Crispy Roasted Pork BellyCrispy Roast Pork Belly is a traditional dish made primarily from pork belly. After marinating, the pork belly becomes crispy on the skin and tender on the meat, with a golden color. During cooking, the pork belly is first roasted until the skin is crispy, then cut into bite-sized pieces, revealing an irresistible roast pork aroma.
Taro Paste Stewed with Fresh MilkTaro paste stewed with fresh milk is a dessert made from taro and fresh milk. Steam the taro, mash it into a paste, then slowly simmer it with milk to blend the taro flavor into the creamy texture, resulting in a smooth and delicate taste.
Sweet and Sour Pork with PineappleSizzling pork with pineapple is a dish primarily made with pork and pineapple. First, the pork is cut into pieces and marinated, then deep-fried until golden and crispy; pineapple is also cut into chunks and set aside. Finally, the fried pork and pineapple are stir-fried together and coated with a specially prepared sweet-and-sour sauce to allow the flavors to blend perfectly.

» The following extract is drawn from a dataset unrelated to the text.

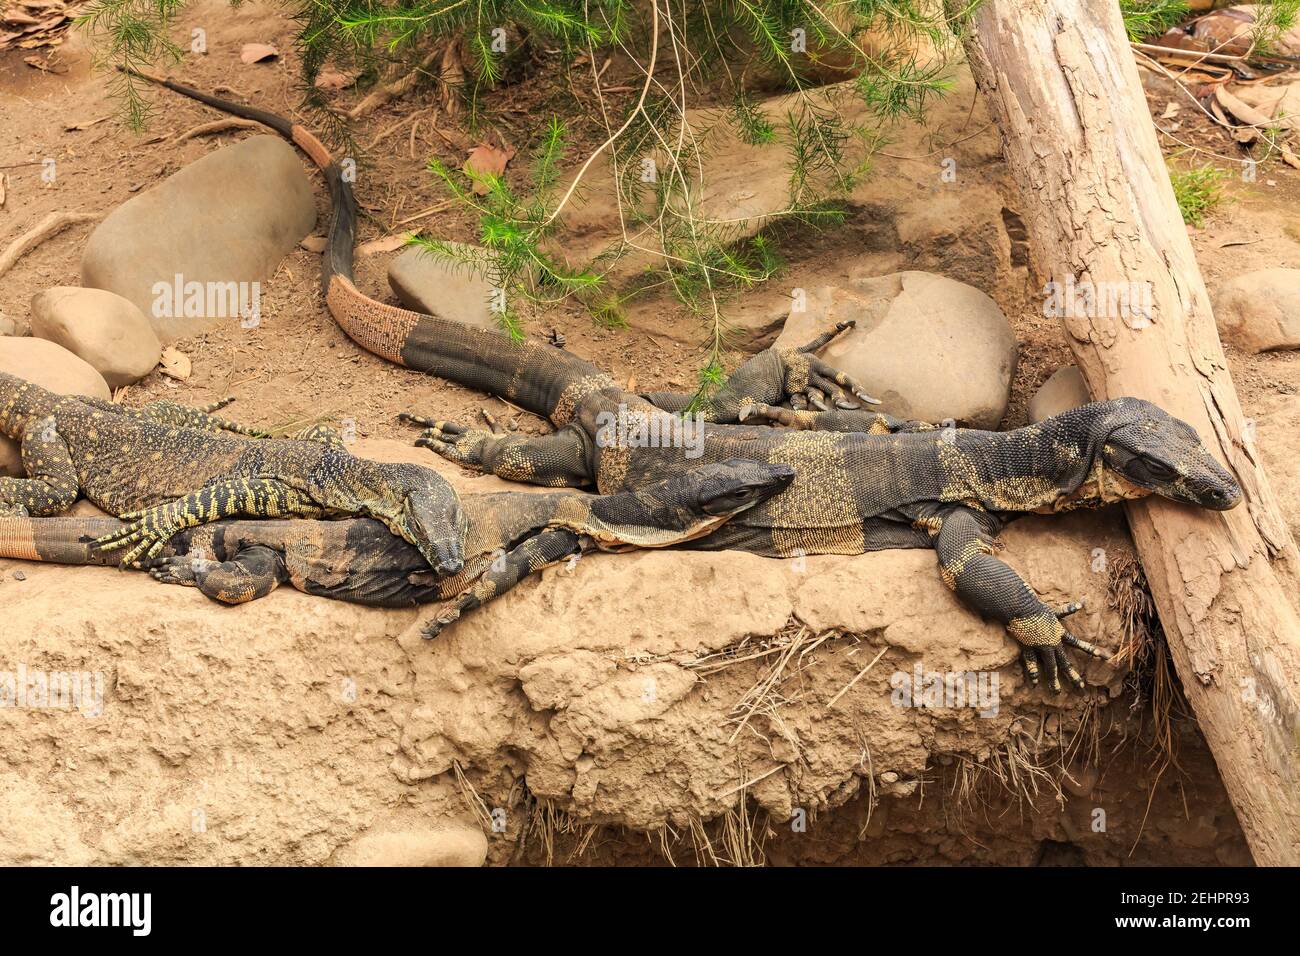 Une famille de moniteurs en dentelle, ou goannas d'arbres, grands reptiles d'Australie, se reposant ensemble sur une rive Banque D'Images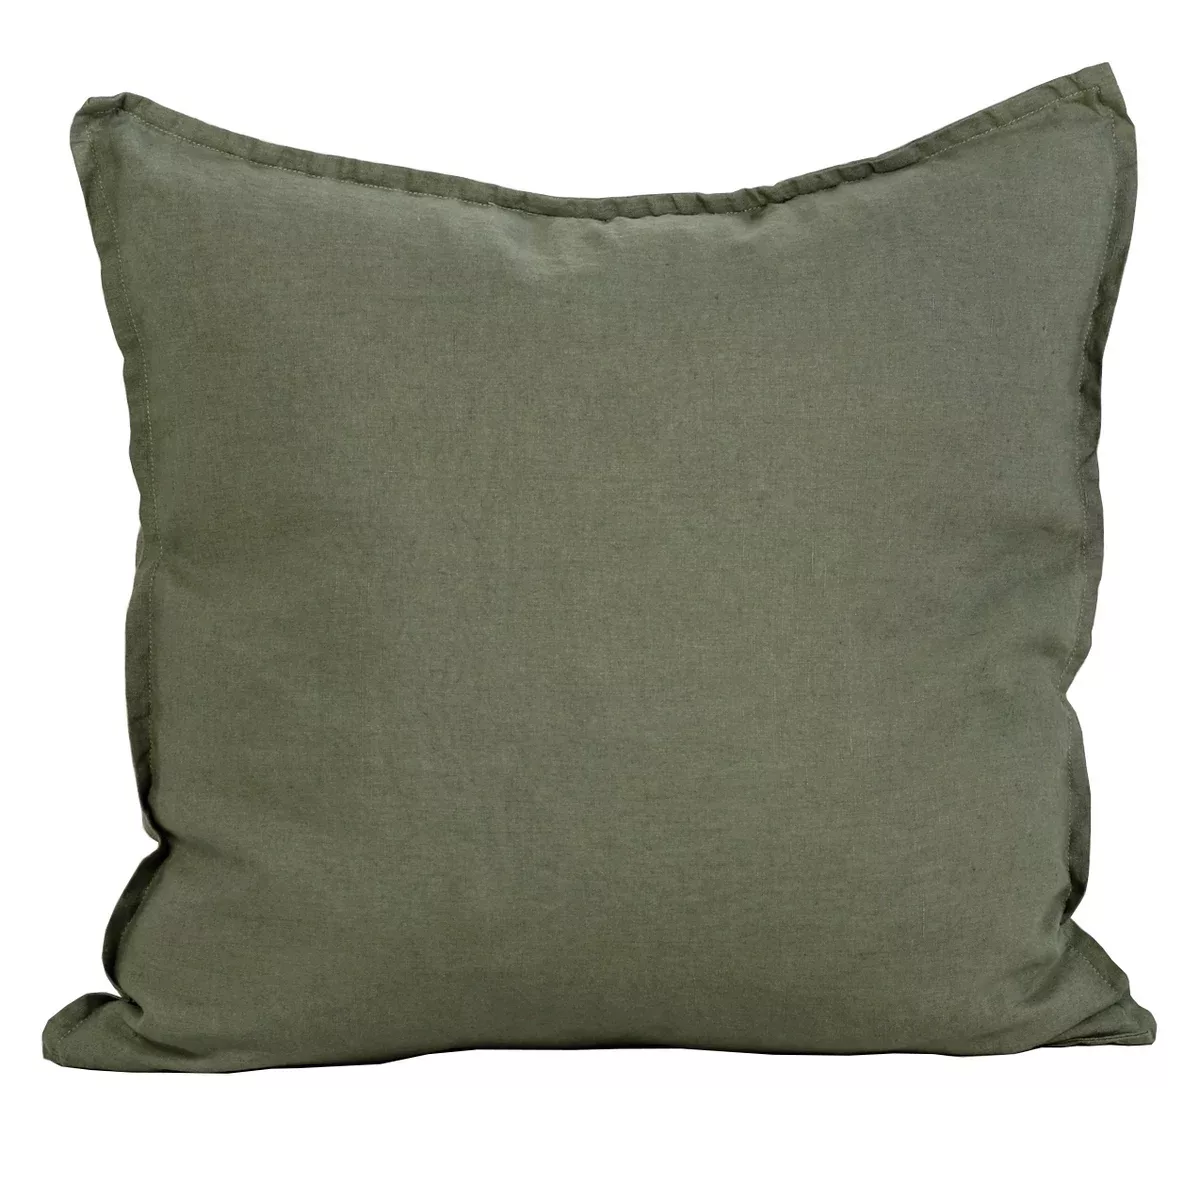 Washed linen Kissenbezug 50 x 50cm Khaki (grün) günstig online kaufen

Sweet and Sour Pork with PineappleA classic Cantonese dish featuring crispy fried pork chunks tossed in a sweet and sour sauce with pineapple, bell peppers, and onions.
Prawn Balls in Wok StylePrawn balls in the style of Aberdeen are made from fresh prawns, deveined and left with tails, marinated in starch and egg white, then deep-fried until golden. A spicy sauce is prepared by stir-frying garlic, chili, and onion, then tossed with the fried prawns to coat evenly.